Federal Rule of Bankruptcy Procedure 2004, “Examination”
Friday, March 12th, 2010I’m jumping a little out of sequence on my review (see Rule 1001 and Rule 1002) of the Federal Rules of Bankruptcy Procedure because I was working with Rule 2004 quite a bit today. Rule 2004 is a powerful one. It’s full text is really too long to reproduce here, but the business end of Rule 2004 (subsection (a)) says, “On motion of any party in interest, the court may order the examination of any entity.” Subsection (b) purports to delineate Rule 2004′s scope, but it really doesn’t because there frankly isn’t much scope. Rule 2004 examinations are exceptionally broad, and they’re far more broad that any discovery tool under the general Federal Rules of Civil Procedure.

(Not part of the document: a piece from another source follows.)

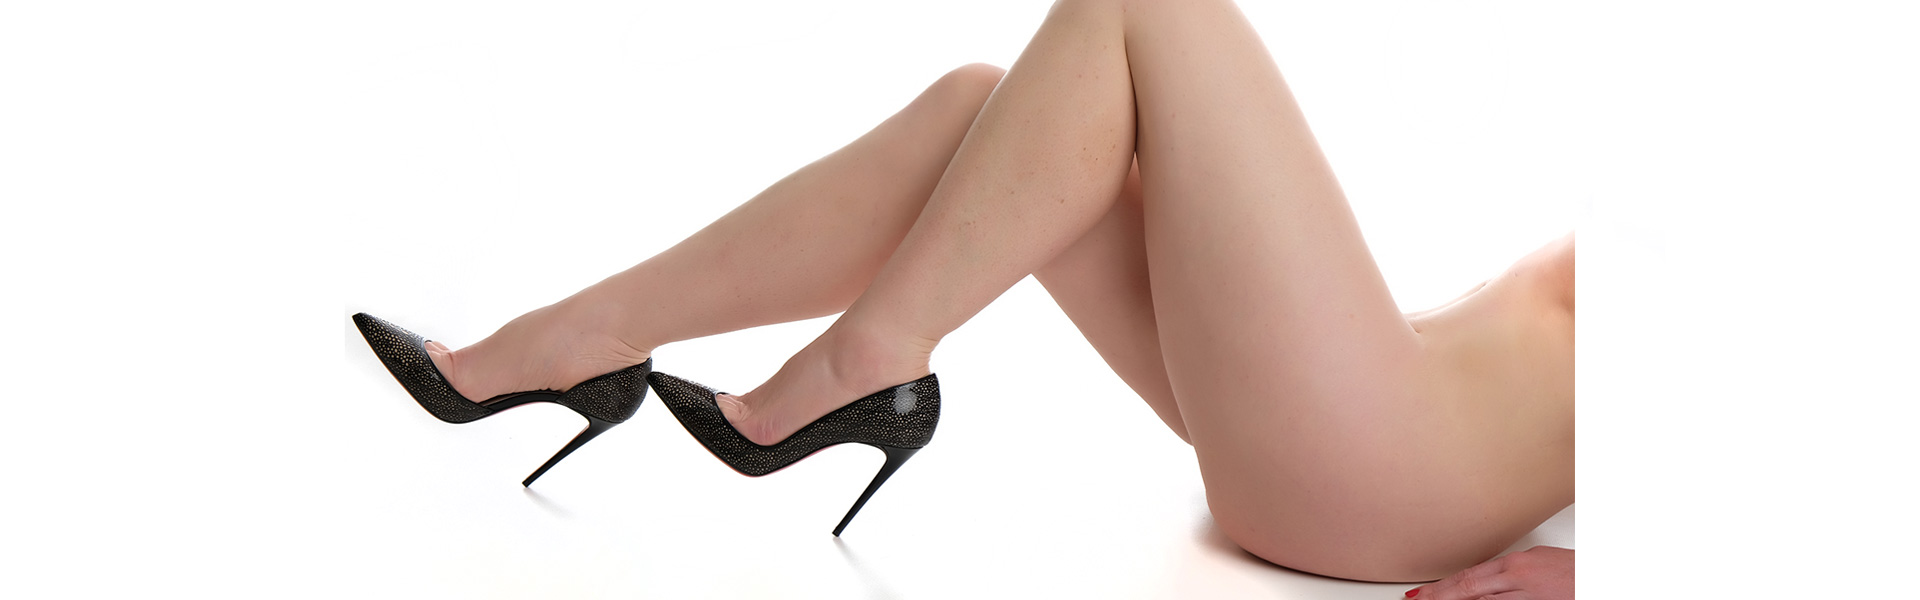 foot-fetish-surrey

While Norton’s seems to underplay its significance by referring to its use primarily by trustees, an oft-cited case Massachusetts case really spells out its power. In re GHR Energy Corp., 33 B.R. 451 (Bankr. D. Mass. 1983). The Court in GHR Energy said:
It is clear that the scope of a Rule 2004 examination is unfettered and broad. “In general, a large latitude of inquiry should be allowed in the examination of persons connected with the bankrupt in business dealing, or otherwise, for the purpose of discovering assets and unearthing frauds, upon any reasonable surmise that they have assets of the debtor . . . The examination . . . is of necessity to a considerable extent a fishing expedition.” In re Foerst, 93 F. 190, 191 (S.D.N.Y 1899). It may be “exploratory and groping.” Sachs v. Hadden, 173 F.2d 929, 931 (2d Cir. 1949). “[T]he breadth of the language employed in the Rule so all emcompassing as semantically to include and encourage harassment on every human subject. ” In re Georgetown of Kettering, 17 B.R. 73, 75, 8 B.C.C. 934, 935 (Bankr. S.D. Ohio 1981).
33 B.R. 453-54. That’s some breathless, vivid, and non-politically correct language therein… “unfettered and broad,” “fishing expedition,” “exploratory and groping,” and “harassment on every human subject.”